THE FULLNESS OF TIME

 

        I rather think of time as a sort of compost heap. Everything we have ever been and done, everything we have ever known, either from personal experience or the testimony of others, becomes a part of that compost heap.

        But, of course, as anyone who composts knows, the things thrown into that heap don’t just sit there unchanged in one big lump. They undergo constant change, breaking down, interacting with one other, endlessly revealing new order and new meanings.
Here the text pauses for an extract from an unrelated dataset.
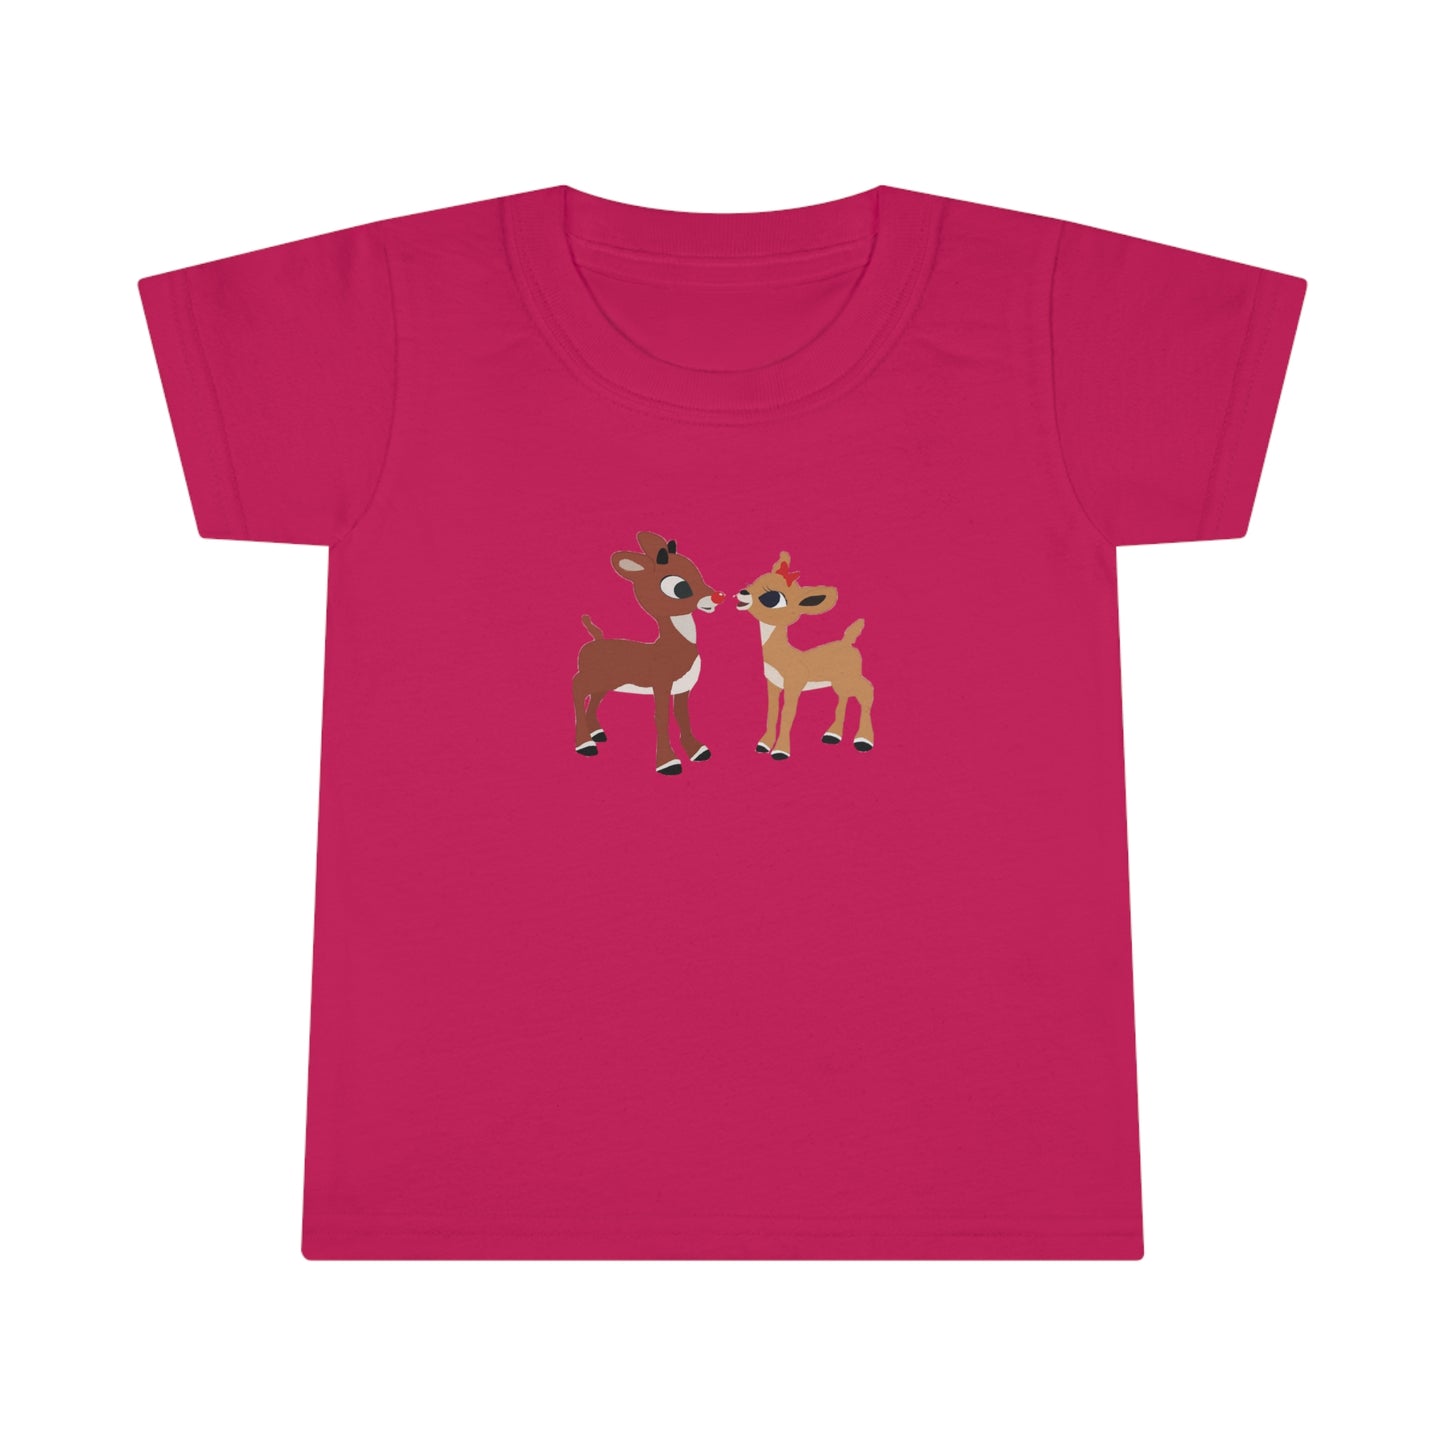 The Red Nose Reindeer Toddler T-shirt

When I engage in memory, I am not just looking at the static record of past experiences, I am constantly interpreting and evaluating and analyzing those experiences, looking for their deepest meaning. And, of course, I am constantly adding things to the heap.

 

 In a sense, the present could be thought of as the topmost layer of the compost heap, the surface, the point where new things are growing in the compost and being added in turn.

 

        In a real sense, the present is not something different in kind from the past, it is the surface of the past.

The past makes growth possible, and growth, becoming, is by its very nature an intention of the future, of the beyond.

 

 The Greek verbs phuo and phuteuo, to grow and to plant, respectively, are etymologically related, in fact, to the word” future”. The future is in fact nothing more than the awareness, in the present that grows out of the past, that the process of becoming is real and is conceivable only if it is open.

If it stopped with this instant, it would not be a becoming, and the whole thing would collapse in on itself.

 

        So there is really nothing more profoundly creative than the reflection on the past in memory, whether individual or collective.